When I removed 2>&1, command went further, but crashed anyway:

================= CRYOSPARCW =======  2021-04-01 14:31:10.613405  =========
Project P29 Job J22
Master 10.0.90.57 Port 39002
===========================================================================
========= monitor process now starting main process
MAINPROCESS PID 199827
MAIN PID 199827
========= monitor process now waiting for main process
helix.run_refine cryosparc_compute.jobs.jobregister
***************************************************************
Running job  J22  of type  helix_refine
Running job on hostname %s joao
Allocated Resources :  {'fixed': {'SSD': True}, 'hostname': 'joao', 'lane': 'default', 'lane_type': 'default', 'license': True, 'licenses_acquired': 1, 'slots': {'CPU': [0, 1, 2, 3], 'GPU': [0], 'RAM': [0, 1, 2]}, 'target': {'cache_path': '/mnt/SSD1/', 'cache_quota_mb': None, 'cache_reserve_mb': 10000, 'desc': None, 'gpus': [{'id': 0, 'mem': 11554324480, 'name': 'GeForce RTX 2080 Ti'}, {'id': 1, 'mem': 11554717696, 'name': 'GeForce RTX 2080 Ti'}], 'hostname': 'joao', 'lane': 'default', 'monitor_port': None, 'name': 'joao', 'resource_fixed': {'SSD': True}, 'resource_slots': {'CPU': [0, 1, 2, 3, 4, 5, 6, 7, 8, 9, 10, 11, 12, 13, 14, 15, 16, 17, 18, 19, 20, 21, 22, 23, 24, 25, 26, 27, 28, 29, 30, 31, 32, 33, 34, 35, 36, 37, 38, 39, 40, 41, 42, 43, 44, 45, 46, 47, 48, 49, 50, 51, 52, 53, 54, 55, 56, 57, 58, 59, 60, 61, 62, 63], 'GPU': [0, 1], 'RAM': [0, 1, 2, 3, 4, 5, 6, 7, 8, 9, 10, 11, 12, 13, 14, 15, 16, 17, 18, 19, 20, 21, 22, 23, 24, 25, 26, 27, 28, 29, 30, 31]}, 'ssh_str': 'cryosparc_user@10.0.90.38', 'title': 'Worker node joao', 'type': 'node', 'worker_bin_path': '/home/cryosparc_user/cryosparc_worker/bin/cryosparcw'}}
**** handle exception rc
set status to failed
Traceback (most recent call last):
  File "cryosparc_worker/cryosparc_compute/run.py", line 84, in cryosparc_compute.run.main
  File "cryosparc_worker/cryosparc_compute/jobs/helix/run_refine.py", line 220, in cryosparc_compute.jobs.helix.run_refine.run
  File "/home/cryosparc_user/cryosparc_worker/cryosparc_compute/particles.py", line 31, in init
    self.from_dataset(d) # copies in all data
  File "/home/cryosparc_user/cryosparc_worker/cryosparc_compute/dataset.py", line 473, in from_dataset
    if len(other) == 0: return self
TypeError: object of type 'NoneType' has no len()
========= main process now complete.
========= monitor process now complete.

The same job run on the master node works perfectly fine.

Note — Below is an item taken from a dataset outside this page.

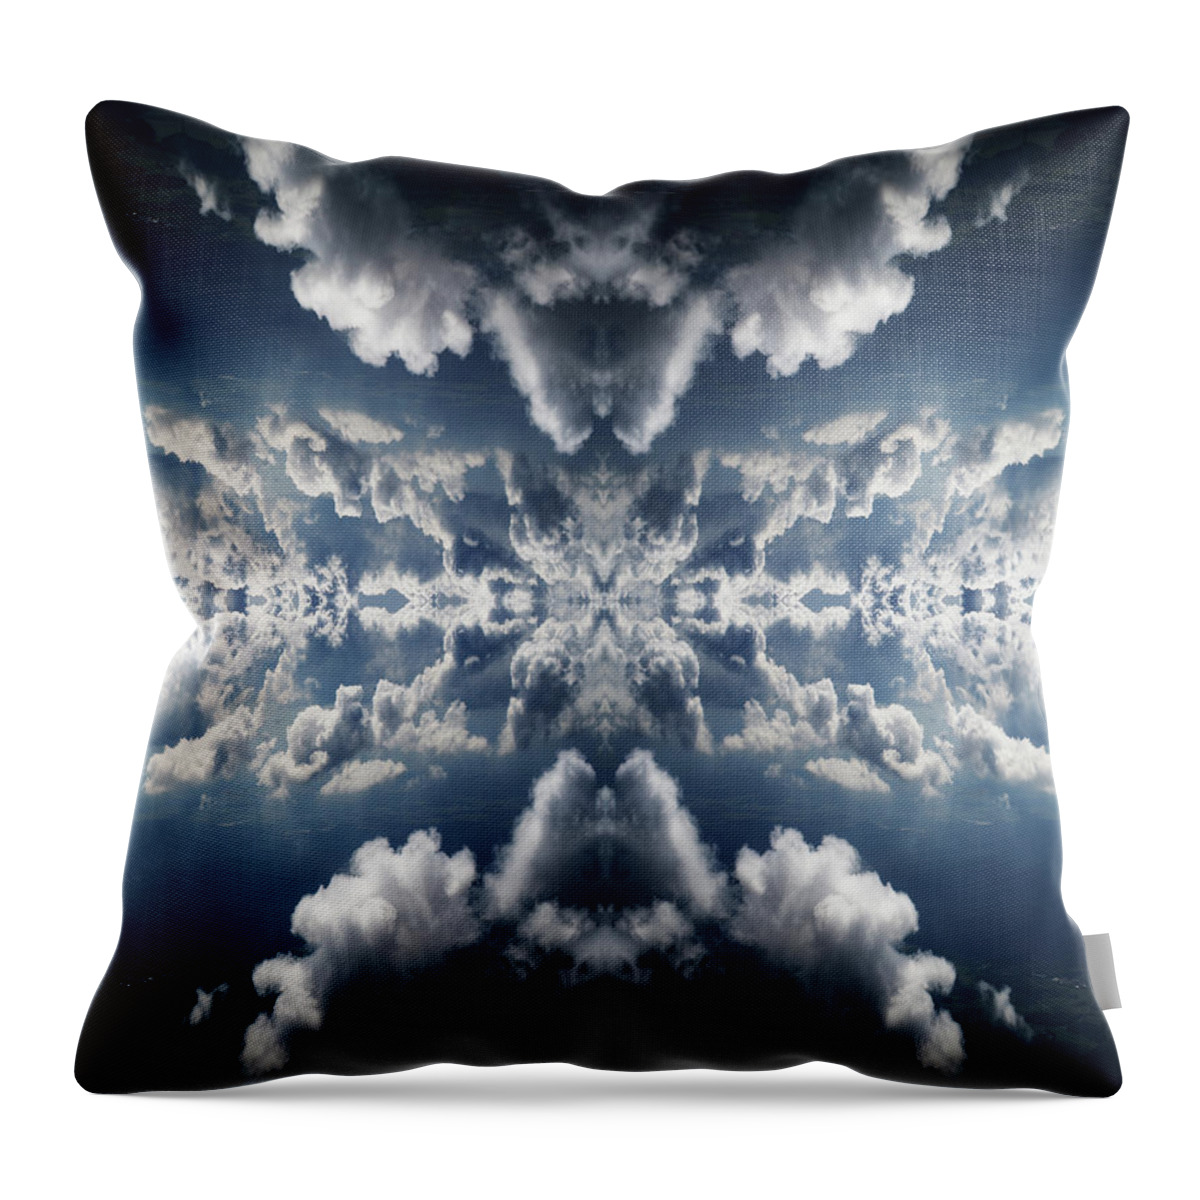 Berlin Throw Pillow featuring the photograph Surreal Rorschach Collage Of Dramatic #3 by Silvia Otte

RyanFeathers · April 13, 2021, 6:33pm

@dzyla I don’t know if you’re still having this issue but I came across your post because I ran into the exact same problems. Some of the ports were already open but opening the remaining ones from 39000-39005 on the master fixed everything.

dzyla · April 14, 2021, 7:34pm

Hi @RyanFeathers,

Thank you so much for the tip. I have opened ports 39000-39008 on both machines but unfortunately, the problem remains: The job starts but halts forever. Both machines have a passwordless connection that was tested but somehow cryosparc does not reach the worker.

RyanFeathers · April 14, 2021, 8:14pm

@dzyla I’m sorry to hear that didn’t work for you. My error logs were almost identical to everything you posted and as soon as I opened the last port the stalled job started.

One last thing I noticed though was the error about the path. Are you sure that the drive where the data is located is accessible (w/r/x) to both machines? That was an earlier issue I had as well.

HamishGBrown · April 5, 2023, 3:37am

Just noting that I had this exact problem with a worker, the issue in my case was that the central storage drive had not properly mounted on that worker after a restart. Everything was restored to working order once this drive was remounted properly. cryosparcm joblog didn’t provide a lot of information (the log file was never created since the worker couldn’t find the directory) but I eventually diagnosed by copy-pasting the command from cryosparcm command_core and trying to run it from the master directly in the terminal.